Ah, gluten. I miss you already.
I’ve long known that I have a sensitivity to wheat. When I eat a lot of it—especially in yeasty foods (think pizza crust and delicious French bread)—I bloat up and my stomach doesn’t feel quite right. Still, although we’ve written about gluten (a protein compound found in many grains, including wheat) and gluten-free living here on Svelte, I never thought I would be in the position to have to give it up.

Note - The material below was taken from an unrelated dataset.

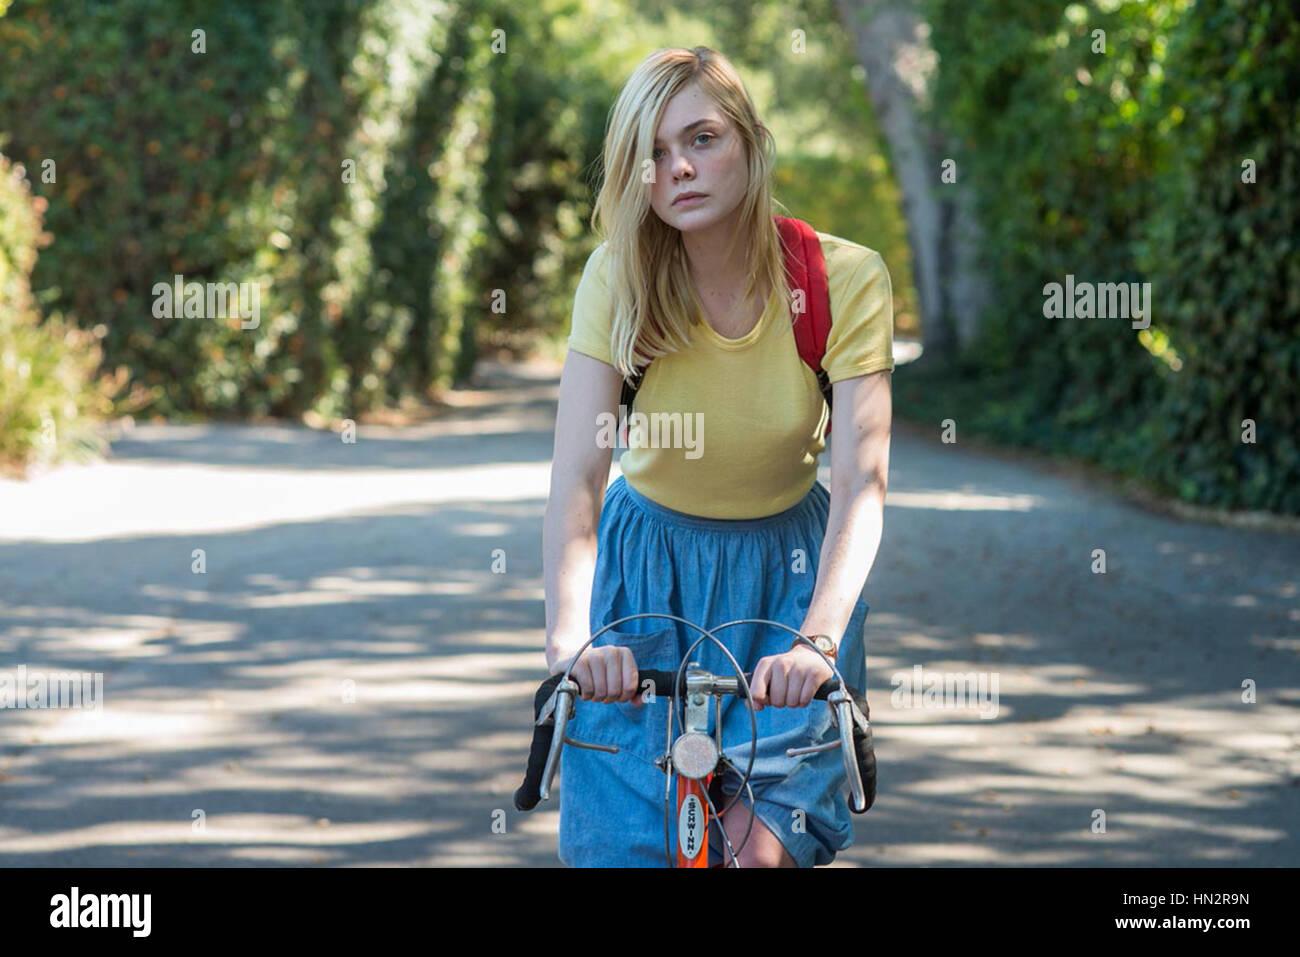 Xx secolo le donne (2016) elle fanning Mike Mills (dir) annapurna pictures/raccolta moviestore ltd Immagini Stock
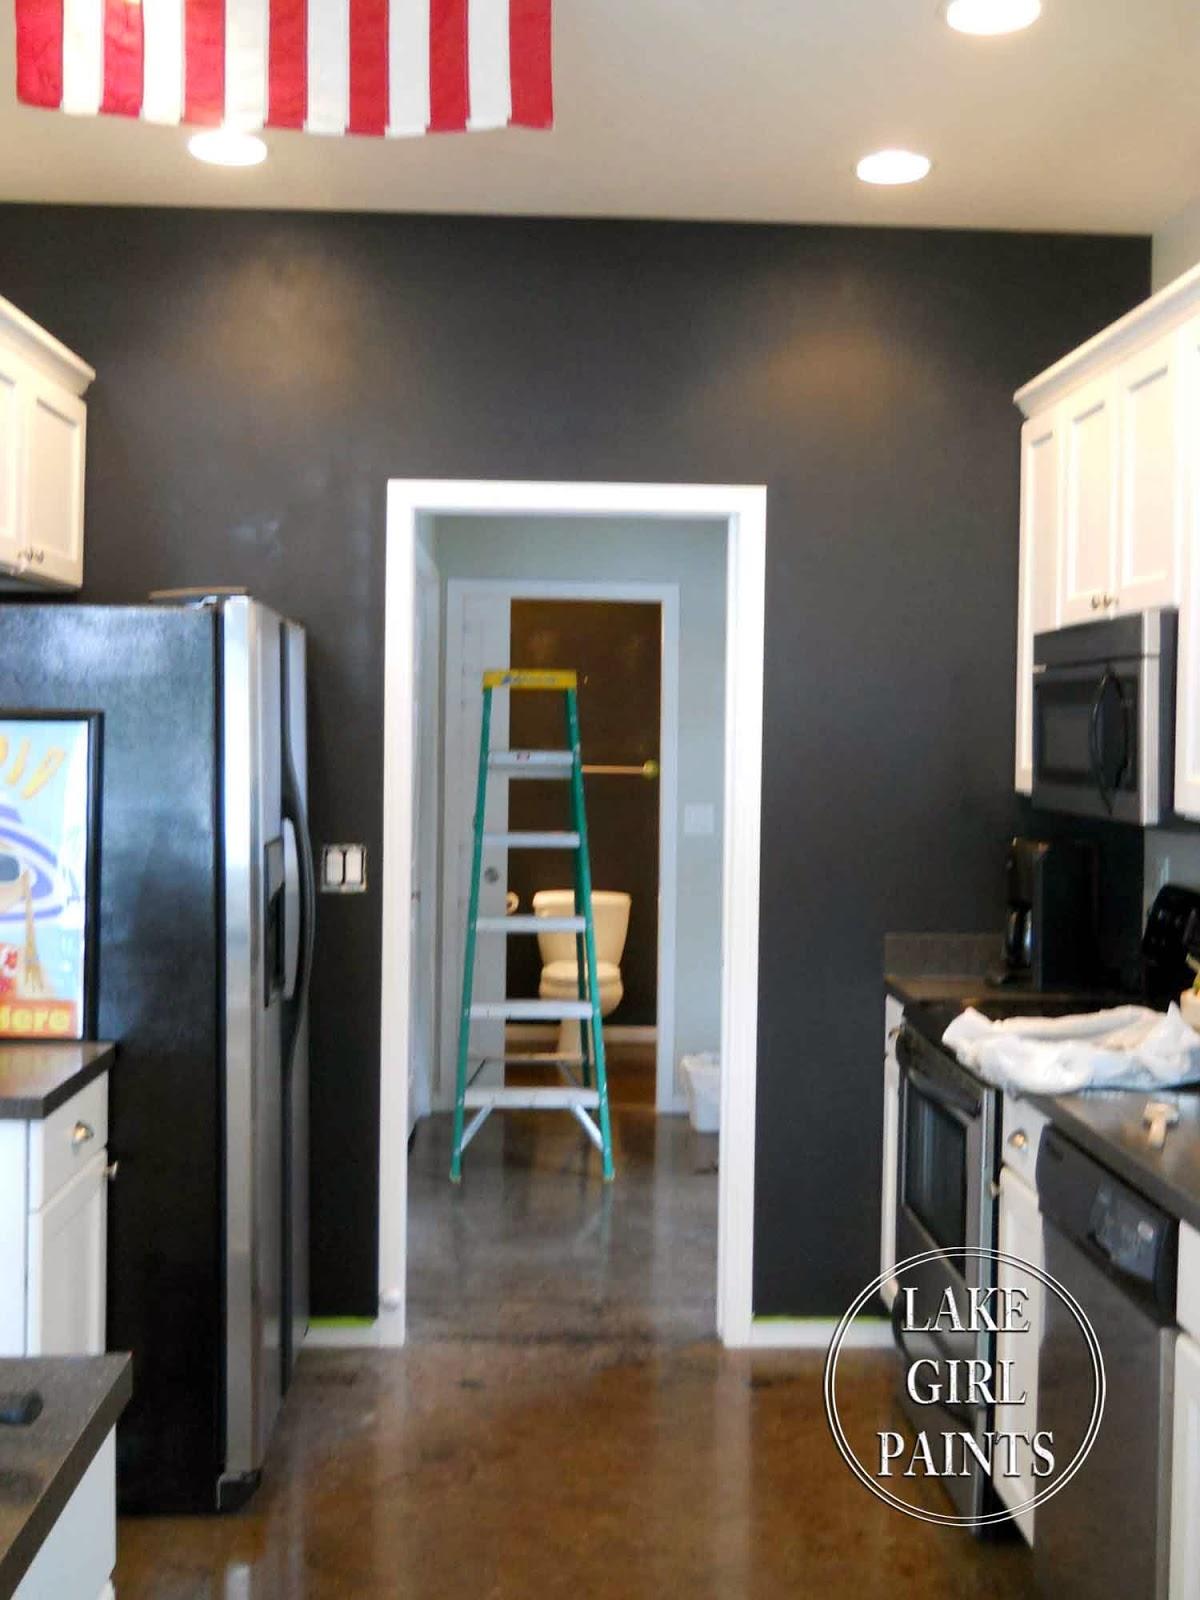 Chalkboard Paint Kitchen Lake Girl Paints Painting My Kitchen Wall With Chalkboard Paint

However, over the past couple of months, my psoriasis—a skin condition that I’ve had since I was a child—has become a lot worse. It’s always been manageable: a tiny patch here or there, nothing a little steroid cream couldn’t fix. Then, around February, it became more severe, with itchy, burning patches on many of my major joints (like elbows and ankles). Among other reasons, because I was breastfeeding, I didn’t want to take any of the super-heavy medications that are used to treat bad cases.
I waited it out for a while, hoping that it was linked to post-pregnancy hormone changes, and that taking more fish oil would help (several studies have shown that an increased consumption of omega-3 fatty acids can reduce symptoms). No dice. So I began searching medical research (by the way, PubMed is great for this) to uncover dietary changes that might help. Sadly, all of the newer studies suggested the same thing: give up gluten.
Turns out that individuals with psoriasis tend to have higher levels of gluten-related antibodies found in individuals with celiac disease (a condition in which eating gluten damages the body’s tissues and causes all kinds of less-than-pleasant symptoms). Other studies have shown that in addition to consuming more fish oil, reducing or eliminating gluten can help, often significantly, in treating psoriasis. Which brings me to my new diet.

Two weeks of not eating gluten and I’ve discovered that GF is not as hard as I thought. My mom bought me Bob’s Red Mill gluten free pancake mix, knowing my family likes to make pancakes on the weekend, and that yielded a tasty batch of pancakes. If I really want something bready, I have a GF waffle or gingersnap from Trader Joe’s. But for the most part, I’ve been eating more real, unprocessed food (fruits, veggies, beans, meat and nuts). Oh, and I discovered KIND bars, which are gluten-free and beyond delicious (although at roughly 200 calories each, should really be consumed in halves). Of course, I do have the advantage of not having celiac disease, which means I’m able to be less stringent about making sure what I eat doesn’t have a trace of gluten in it.
I lost a pound and a half in two weeks, but it has yet to be determined if my diet is to thank, or if it’s simply a byproduct of my new running regime. Regardless, my psoriasis is getting better. Even after such a short period of time, the spots on my joints have gone down significantly, and the tiny patches on other areas of my body are gone. I’ll be curious to see if the results continue to improve.
Have you given up gluten for psoriasis or another reason other than celiac disease? Any tips of the trade for this newbie?